Thanks to Reddit.com/r/programming for directing me to this excellent compilation of R programming information by Hadley Wickham.
Most of us in analytics use R just to get stuff done. It has a large number of packages that lets us produce insights at our own pace. What I mean by “at our own pace” is that we typically analyse data either individually or within our team, with the results communicated to our audience independently of the analysis itself.
This creates a situation where programmatic efficiency was not considered a priority by many R analysts. If a function was sub-optimal, it would only impact us with a little extra processing time, our end user would never know the difference. In fact, it made more sense to create a fast coded, long processing solution as the code would only be used a few times. Spending hours optimizing code would be considered a waste.
However, analysts are now crunching massive amounts of data. What would have cause a few minutes delay in processing a few years ago will now cause hours and hours of unnecessary waiting. Addionally, reducing processing time is now become more valuable as we move toward elastic cloud computing where more processing = more cost.

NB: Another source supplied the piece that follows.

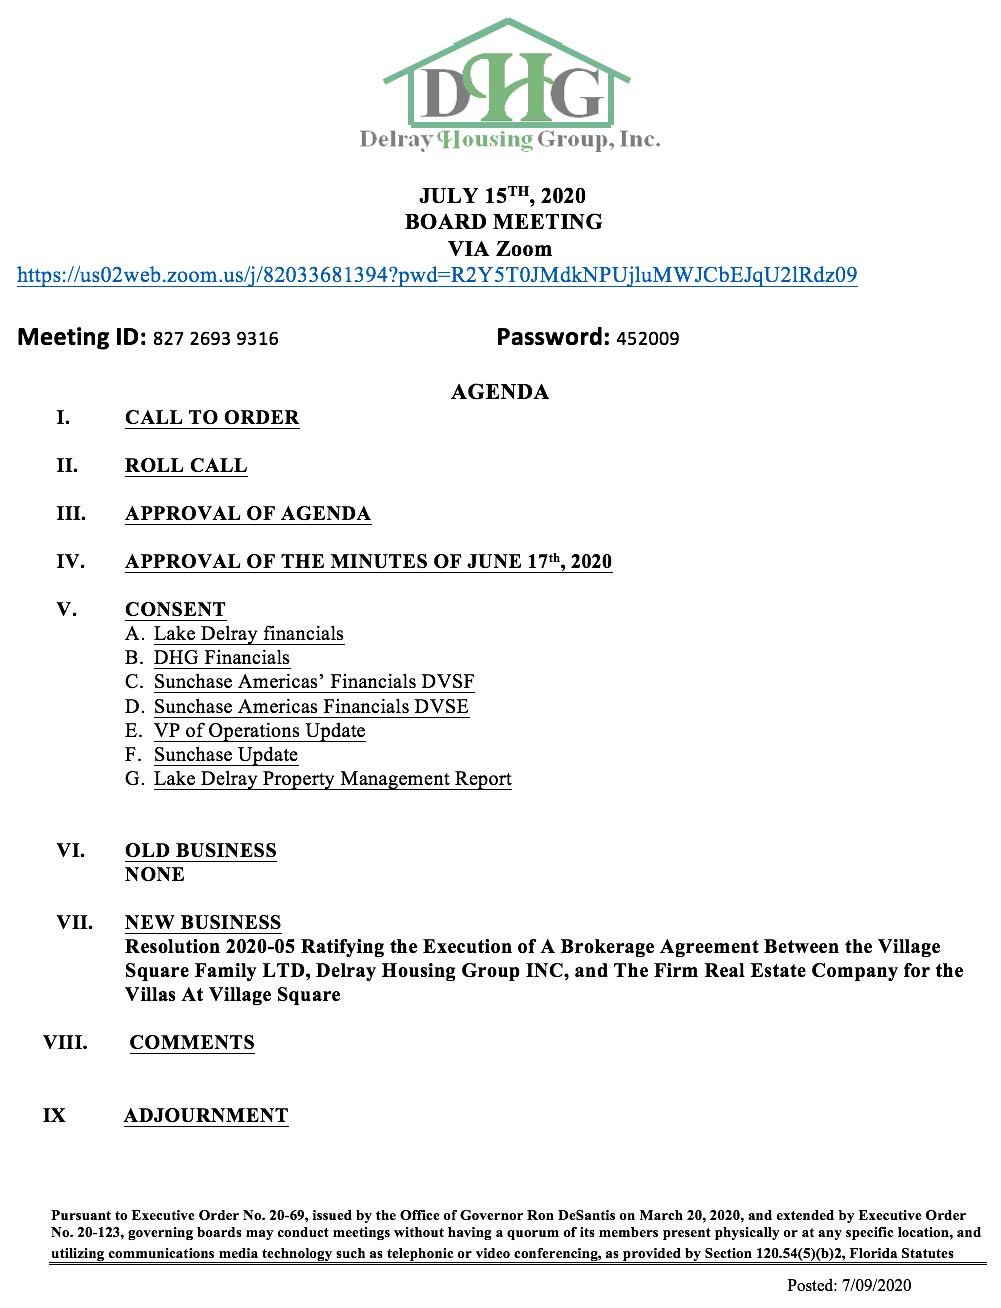 Agenda - Board Meeting - Jul 15th, 2020

Most importantly, analytics is moving toward machine learning solutions, requiring the algo to be constantly updating and impacting automated decisions in close to real time. For example, predicting likely online customer behavior based on current site activity. Slow processing would make a very ineffective modeled solution.
Given these factors, we are rapidly reaching the point where an analyst’s programming abilities will be just as important and their statistical skill set. Over the next few weeks I plan to pick out a few relevant items from the Advance R Programming review which will help us Analysts make our programs faster and easier to understand.